Anggota Polres Sumba Timur Diperiksa Propam dan Masuk Patsus, Kasus Ternak Rambangaru Masih Didalami

oleh
Kapolres Sumba Timur AKBP I Kadek Hery Cahyadi (Foto: Waingapu.Com)

Waingapu.com – Kasus dugaan pencurian ternak di Desa Rambangaru, Kecamatan Haharu, Kabupaten Sumba Timur, tidak hanya berujung pada penetapan tersangka dari kalangan masyarakat. Seorang anggota Polres Sumba Timur berinisial PBU. kini juga menjalani proses hukum setelah dugaan keterkaitannya didalami penyidik.

Kasus tersebut terjadi pada Minggu (6/9/2026) dan langsung ditangani Satreskrim Polres Sumba Timur. Penyidik melakukan serangkaian langkah penyelidikan dengan memeriksa korban, pemilik kendaraan roda empat serta saksi-saksi yang berada di lokasi.

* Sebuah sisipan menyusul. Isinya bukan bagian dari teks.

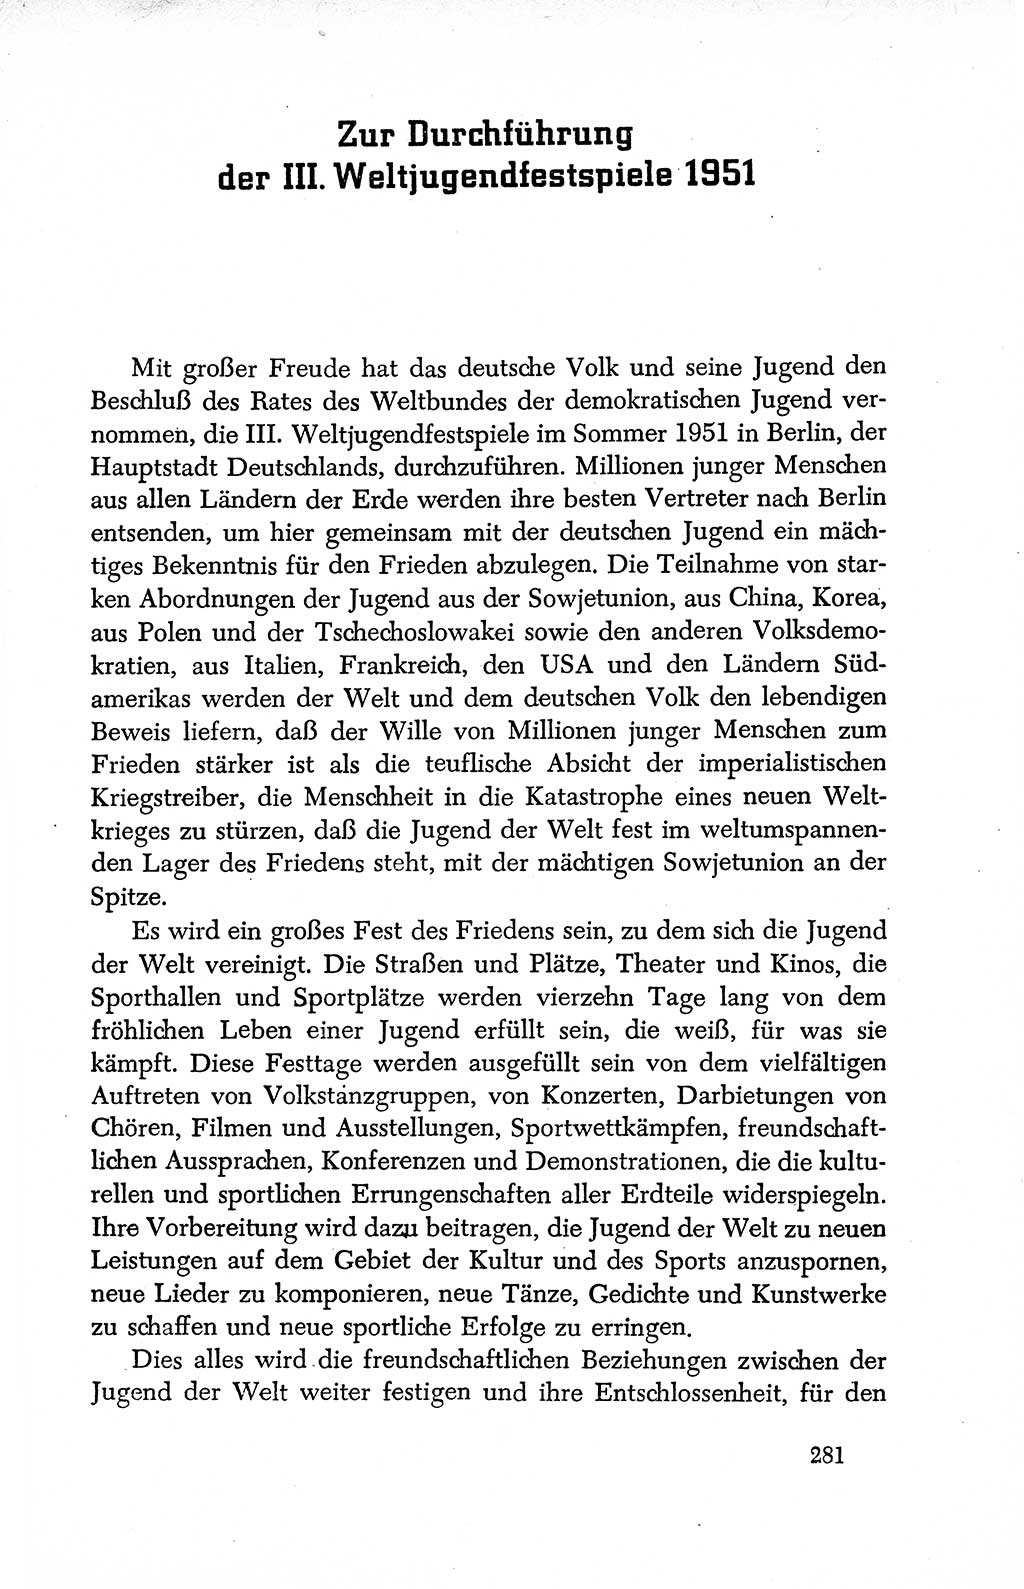 Dokumente der Sozialistischen Einheitspartei Deutschlands (SED) [Deutsche Demokratische Republik (DDR)] 1950-1952, Seite 281 (Dok. SED DDR 1950-1952, S. 281)

Dari hasil penyelidikan dan gelar perkara, RNKM. ditetapkan sebagai tersangka dugaan pencurian ternak. Perkara terhadap R.N.K.M. telah ditingkatkan ke tahap penyidikan dengan sangkaan Pasal 477 ayat (1) huruf c KUHP.

RNKM. juga telah ditahan di Rumah Tahanan Negara Polres Sumba Timur. Penyidik masih melakukan pendalaman terhadap seluruh rangkaian kejadian untuk melengkapi alat bukti dalam perkara tersebut.

Pada saat yang sama, penyidik melakukan pendalaman terhadap dugaan keterlibatan PBU. Pendalaman dilakukan untuk memastikan rangkaian peristiwa serta dugaan peran anggota polisi tersebut berdasarkan fakta dan alat bukti yang ditemukan.

Perkembangan terhadap PBU. kemudian dipastikan melalui gelar perkara yang dilakukan pada Selasa (8/9/2026). Berdasarkan hasil gelar perkara, status perkara dinaikkan dari penyelidikan ke tahap penyidikan.

PBU. kini diproses dalam perkara dugaan tindak pidana penadahan sebagaimana Pasal 591 huruf a KUHP. Penyidik akan melakukan pemeriksaan dan pendalaman lebih lanjut untuk mengumpulkan serta melengkapi alat bukti.

Tidak hanya proses pidana, pemeriksaan internal terhadap PBU. juga berjalan melalui Seksi Propam Polres Sumba Timur. Pemeriksaan awal telah dilakukan terhadap yang bersangkutan.